On 03.10.19 19:15, Malahal R Naineni wrote:
> >> @Malahal: Looks like you have written the netgroup caching code, 
> feel free to ask for further details if required.
> Hi Ulrich, Ganesha uses innetgr() call for netgroup information and 
> sssd has too many issues in its implementation. Redhat said that they 
> are going to fix sssd synchronization issues in RHEL8. It is in my 
> plate to serialize innergr() call in Ganesha to match kernel NFS 
> server usage! I expect the sssd issue to give EACCESS/EPERM kind of 
> issue but not EINVAL though.
> If you are using sssd, you must be getting into a sssd issue. 
> Ganesha has a host-ip cache fix in 5.0.2 PTF3. Please make sure you 
> use ganesha version V2.5.3-ibm030.01 if you are using netgroups 
> (shipped with 5.0.2 PTF3 but can be used with Scale 5.0.1 or later)
> Regards, Malahal.
>
>     ----- Original message -----
>     From: Ulrich Sibiller <u.sibiller at science-computing.de>
>     Sent by: gpfsug-discuss-bounces at spectrumscale.org
>     To: gpfsug-discuss at spectrumscale.org
>     Cc:
>     Subject: Re: [gpfsug-discuss] Filesystem access issues via CES NFS
>     Date: Thu, Dec 13, 2018 7:32 PM
>     On 23.11.2018 14:41, Andreas Mattsson wrote:
>     > Yes, this is repeating.
>     >
>     > We’ve ascertained that it has nothing to do at all with file
>     operations on the GPFS side.
>     >
>     > Randomly throughout the filesystem mounted via NFS, ls or file
>     access will give
>     >
>     > ”
>     >
>     >  > ls: reading directory /gpfs/filessystem/test/testdir: Invalid
>     argument
>     >
>     > “
>     >
>     > Trying again later might work on that folder, but might fail
>     somewhere else.
>     >
>     > We have tried exporting the same filesystem via a standard
>     kernel NFS instead of the CES
>     > Ganesha-NFS, and then the problem doesn’t exist.
>     >
>     > So it is definitely related to the Ganesha NFS server, or its
>     interaction with the file system.
>     >  > Will see if I can get a tcpdump of the issue.
>
>     We see this, too.

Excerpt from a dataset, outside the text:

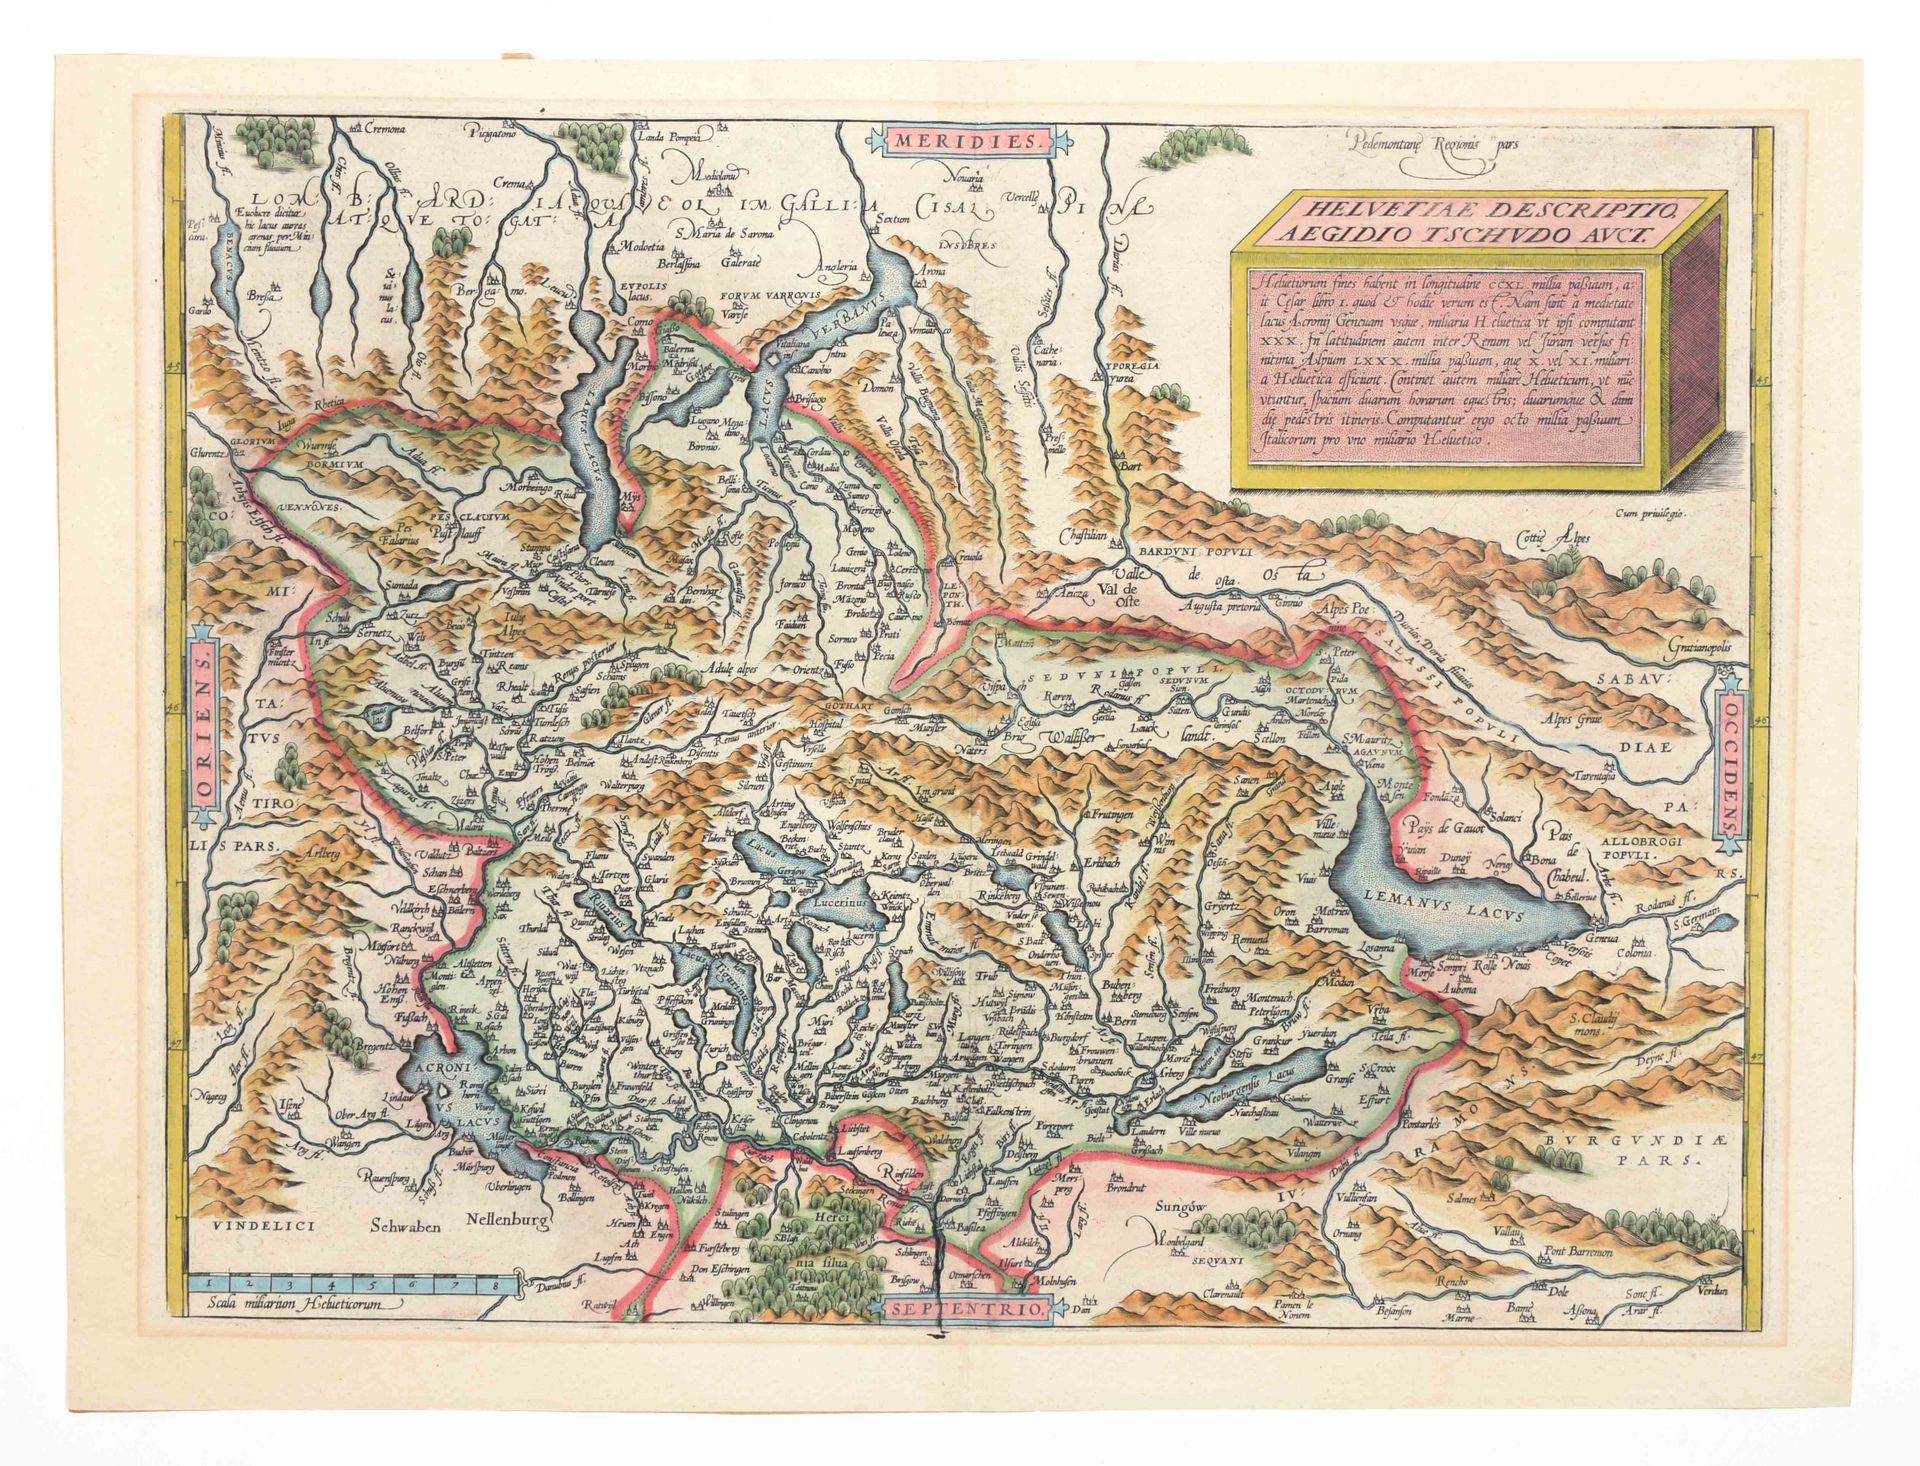 [SWITZERLAND] Helvetiae descriptio Aegidio Tschudo Auct

Mapa manuscrito (34,5 x&hellip;

We cannot trigger it. Fortunately I have managed
>     to capture some logs with
>     debugging enabled. I have now dug into the ganesha 2.5.3 code and
>     I think the netgroup caching is
>     the culprit.
>
>     Here some FULL_DEBUG output:
>     2018-12-13 11:53:41 : epoch 0009008d : server1 :
>     gpfs.ganesha.nfsd-258762[work-250]
>     export_check_access :EXPORT :M_DBG :Check for address 1.2.3.4 for
>     export id 1 path /gpfsexport
>     2018-12-13 11:53:41 : epoch 0009008d : server1 :
>     gpfs.ganesha.nfsd-258762[work-250] client_match
>     :EXPORT :M_DBG :Match V4: 0xcf7fe0 NETGROUP_CLIENT: netgroup1
>     (options=421021e2root_squash   , RWrw,
>     3--, ---, TCP, ----, Manage_Gids   , -- Deleg, anon_uid=  -2,
>     anon_gid=    -2, sys)
>     2018-12-13 11:53:41 : epoch 0009008d : server1 :
>     gpfs.ganesha.nfsd-258762[work-250] nfs_ip_name_get
>     :DISP :F_DBG :Cache get hit for 1.2.3.4->client1.domain
>     2018-12-13 11:53:41 : epoch 0009008d : server1 :
>     gpfs.ganesha.nfsd-258762[work-250] client_match
>     :EXPORT :M_DBG :Match V4: 0xcfe320 NETGROUP_CLIENT: netgroup2
>     (options=421021e2root_squash   , RWrw,
>     3--, ---, TCP, ----, Manage_Gids   , -- Deleg, anon_uid=  -2,
>     anon_gid=    -2, sys)
>     2018-12-13 11:53:41 : epoch 0009008d : server1 :
>     gpfs.ganesha.nfsd-258762[work-250] nfs_ip_name_get
>     :DISP :F_DBG :Cache get hit for 1.2.3.4->client1.domain
>     2018-12-13 11:53:41 : epoch 0009008d : server1 :
>     gpfs.ganesha.nfsd-258762[work-250] client_match
>     :EXPORT :M_DBG :Match V4: 0xcfe380 NETGROUP_CLIENT: netgroup3
>     (options=421021e2root_squash   , RWrw,
>     3--, ---, TCP, ----, Manage_Gids   , -- Deleg, anon_uid=  -2,
>     anon_gid=    -2, sys)
>     2018-12-13 11:53:41 : epoch 0009008d : server1 :
>     gpfs.ganesha.nfsd-258762[work-250] nfs_ip_name_get
>     :DISP :F_DBG :Cache get hit for 1.2.3.4->client1.domain
>     2018-12-13 11:53:41 : epoch 0009008d : server1 :
>     gpfs.ganesha.nfsd-258762[work-250]
>     export_check_access :EXPORT :M_DBG :EXPORT  (options=03303002    
>              ,     ,    ,
>           ,               , -- Deleg,                ,        )
>     2018-12-13 11:53:41 : epoch 0009008d : server1 :
>     gpfs.ganesha.nfsd-258762[work-250]
>     export_check_access :EXPORT :M_DBG :EXPORT_DEFAULTS
>     (options=42102002root_squash   , ----, 3--, ---,
>     TCP, ----, Manage_Gids   ,         , anon_uid=    -2, anon_gid=  
>      -2, sys)
>     2018-12-13 11:53:41 : epoch 0009008d : server1 :
>     gpfs.ganesha.nfsd-258762[work-250]
>     export_check_access :EXPORT :M_DBG :default options
>     (options=03303002root_squash   , ----, 34-, UDP,
>     TCP, ----, No Manage_Gids, -- Deleg, anon_uid=    -2, anon_gid=  
>      -2, none, sys)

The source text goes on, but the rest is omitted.